Real Christmas trees more sustainable than fakes, forestry professor says

Posted: December 20, 2012

Source: Vancouver Sun

real trees more sustainable than fakesAn artificial Christmas tree would have to be used for 20 years before its carbon footprint matches that of a farmed tree, according to a forestry professor at the University ofB.C.

Steve Mitchell said most artificial trees are kept only six years before fashions change and owners throw them out. Most end their life in a landfill.

“Artificial trees need to be kept for 20 years for the carbon emissions to be equivalent to using natural trees,” Mitchell said, referring to a life cycle study done in 2009 by Ellipsos, a Montreal-based sustainable consulting company.

People can choose a wild tree and either a farmed cut tree or a farmed living tree. Of all the options, the most sustainable is a wild tree, he said.

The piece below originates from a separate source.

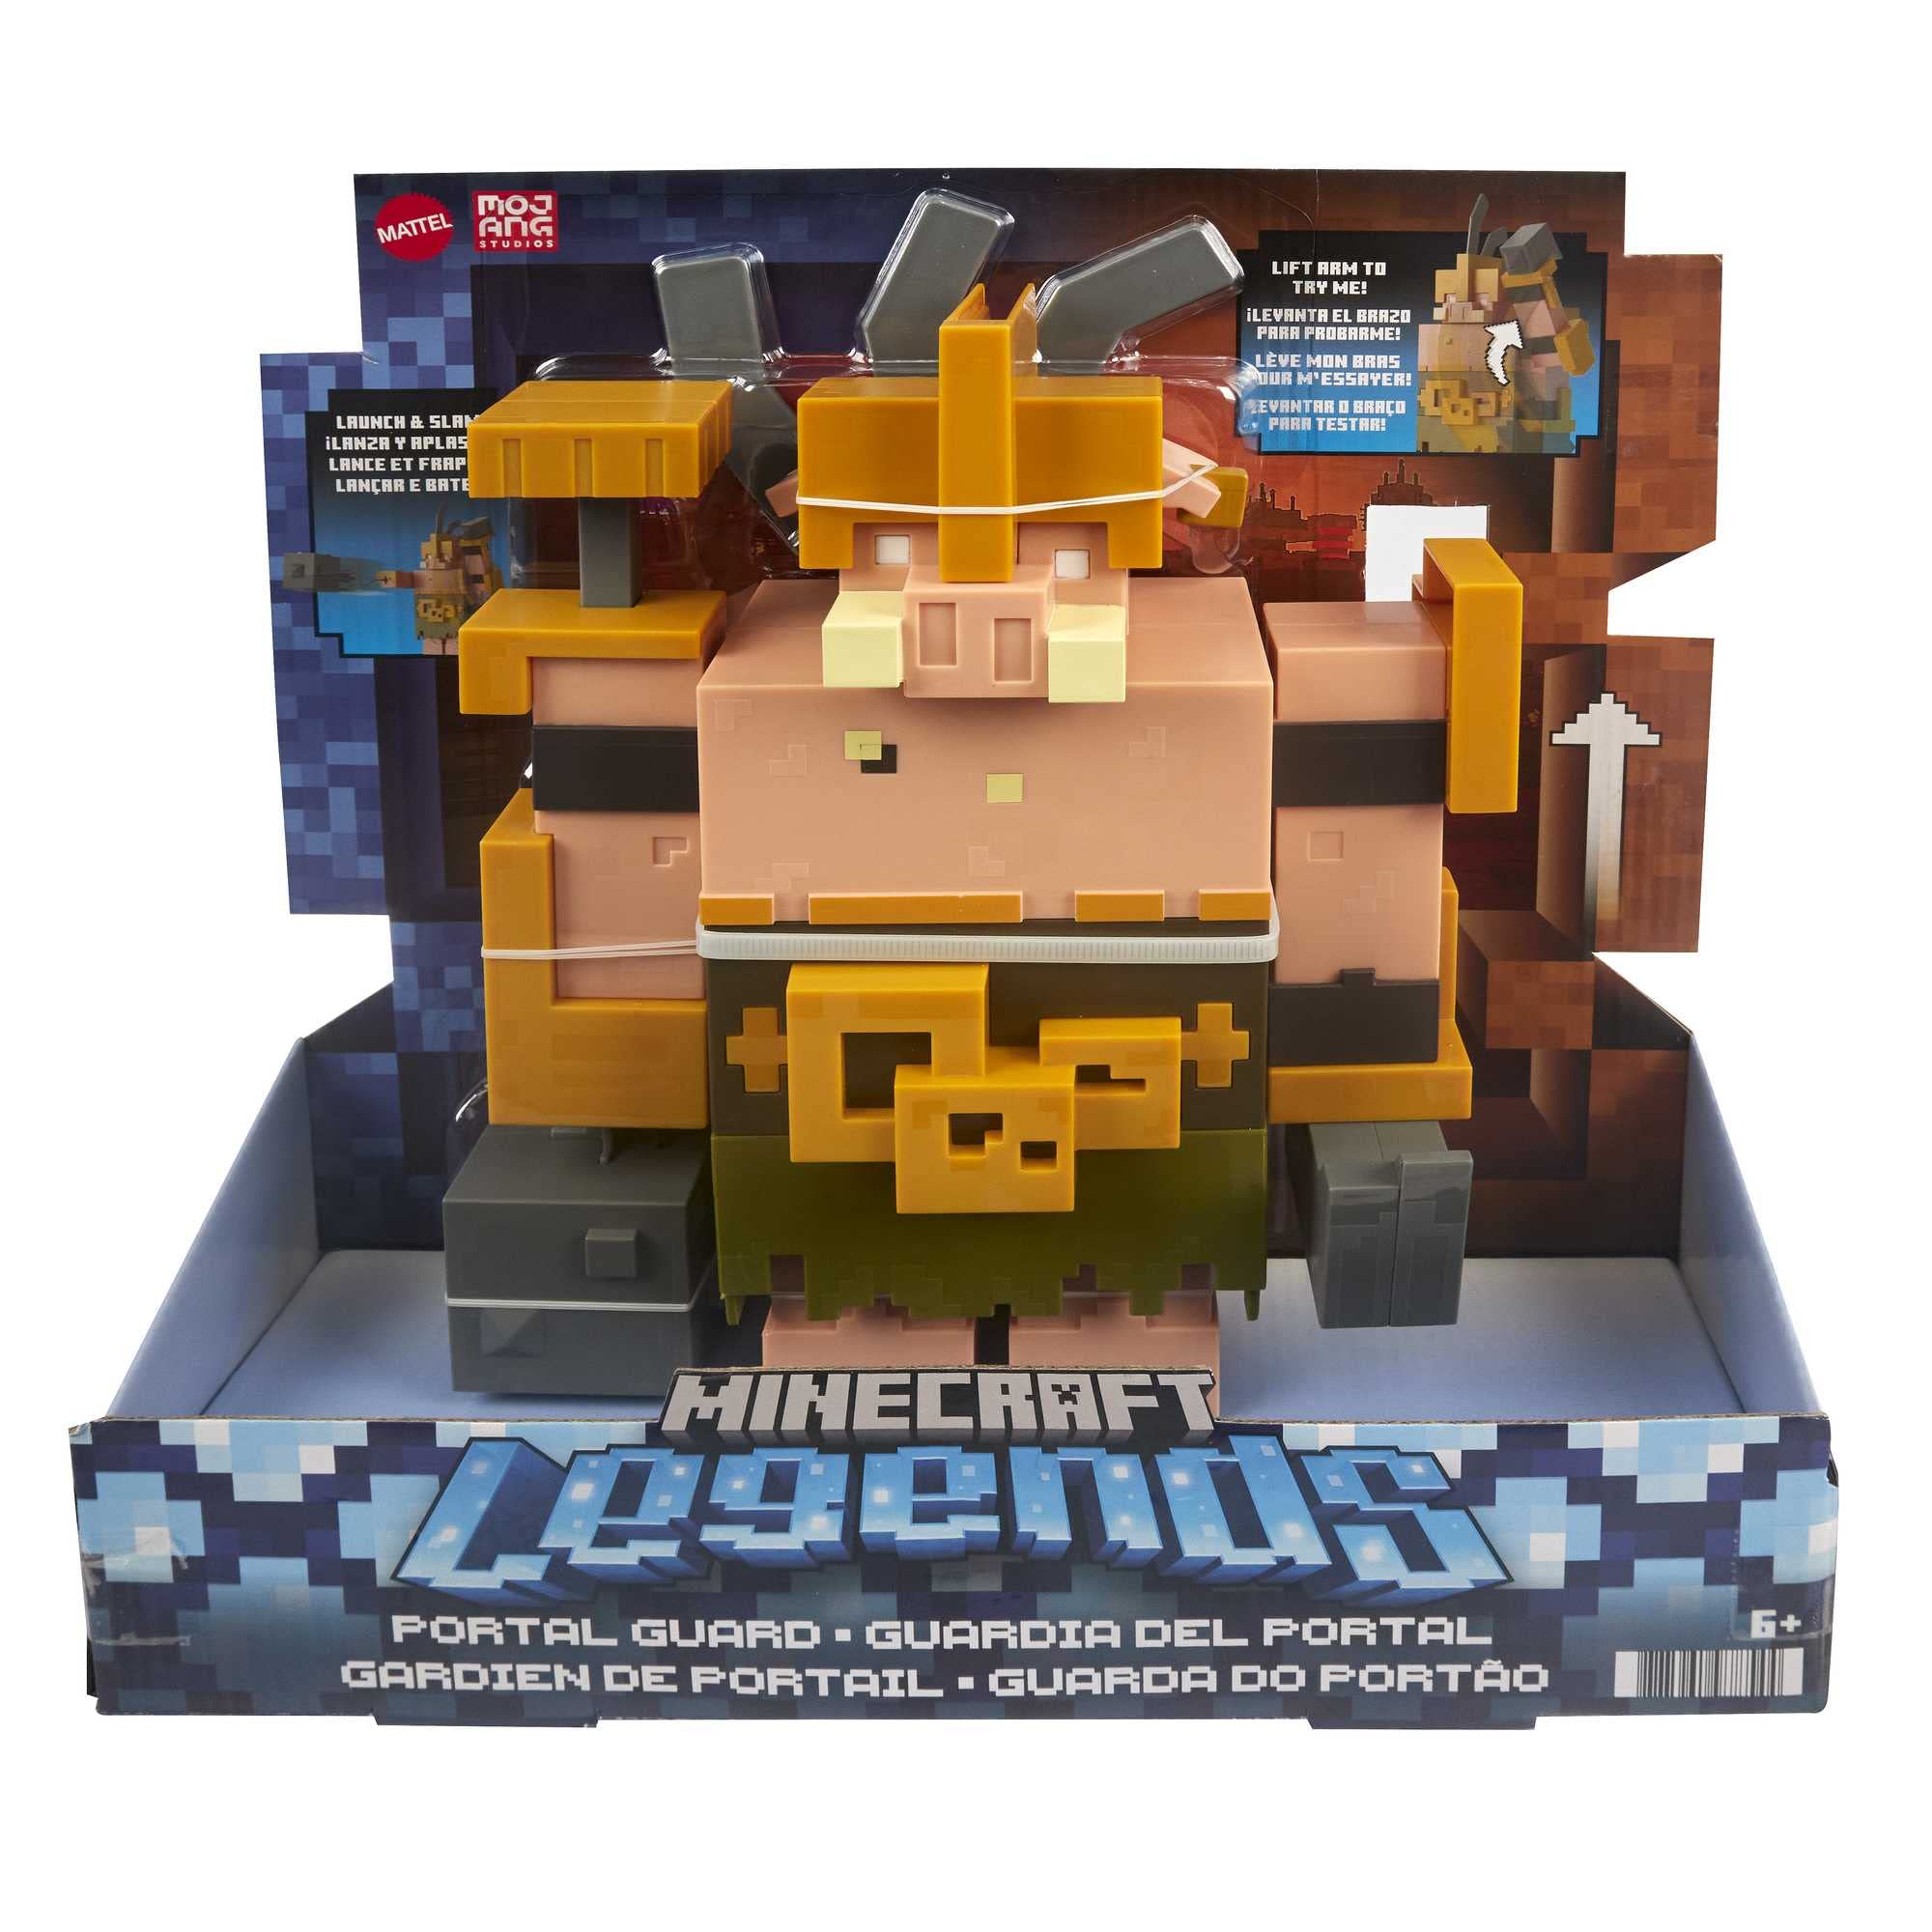 Minecraft - Personaggio Guardiano del Portale con mossa di attacco e accessorio Action figure da collezione Legends alta più di 8 cm giocattolo per bambini 6+ anni GYR77

Since wild trees aren’t fertilized or groomed like farmed trees, the only fossil fuels used in turning them into products comes from the energy used in transporting them to the consumer, he said.

In B.C., the greatest source for wild trees is under BC Hydro transmission lines or along forest road rights-of-way. There is no charge for a permit to cut Christmas trees for personal use on Crown land. They’re available for most districts from the Ministry of Forests, Lands and Natural Resource Operations. But no trees can be cut in the Chilliwack District which includes Metro Vancouver and stretches from Bowen Island to Manning Park and from the U.S. border to Boston Bar.

Mitchell said one interesting technique that’s developed in the Kootenays are Christmas trees grown on Douglas fir stumps that have several branches growing on them.

“They’ll train one as a (Christmas) tree, let the others survive,” he said. “Once the branch is trained as a tree — they might have to do a bit of pruning — they’ll cut that tree at maturity. They can get two or three trees from a single stump.”

He said wild trees can be purchased on Christmas tree lots. Most will come from southeastern B.C. where it is drier and where they grow slowly. They have a naturally dense form, he said, and it takes 15 to 20 years to get to two metres in height.

Farmed trees don’t achieve a conical shape by accident. They’re pruned and fertilized. They can be sprayed with herbicide to control insects. Since shipping farmed trees to the home accounts for about 50 per cent of carbon emissions for these trees, the closer the Christmas tree farm is to the consumer, the less fuel will be used, Mitchell said. “I’m not sure who ordained that Christmas trees have to be perfect cones,” he said. “I’m personally much more tolerant of defects. I have a little bit of Charlie Brown in me.”

There are also live Christmas trees that come with the root ball. Most start out as farmed trees, he said, and end up after Christmas in the garden. A Christmas tree rental service has started in Vancouver that delivers a live tree to a home for three weeks and then picks it up and takes care of it for the rest of the year. Evergrow Live Tree Rentals is already sold out for Christmas 2012.

Mitchell likes the smell of a real tree and grows his own. This year, he’ll be decorating a two-metre tall pine tree in his Point Grey home that he grew on a four-hectare property he owns on Vancouver Island.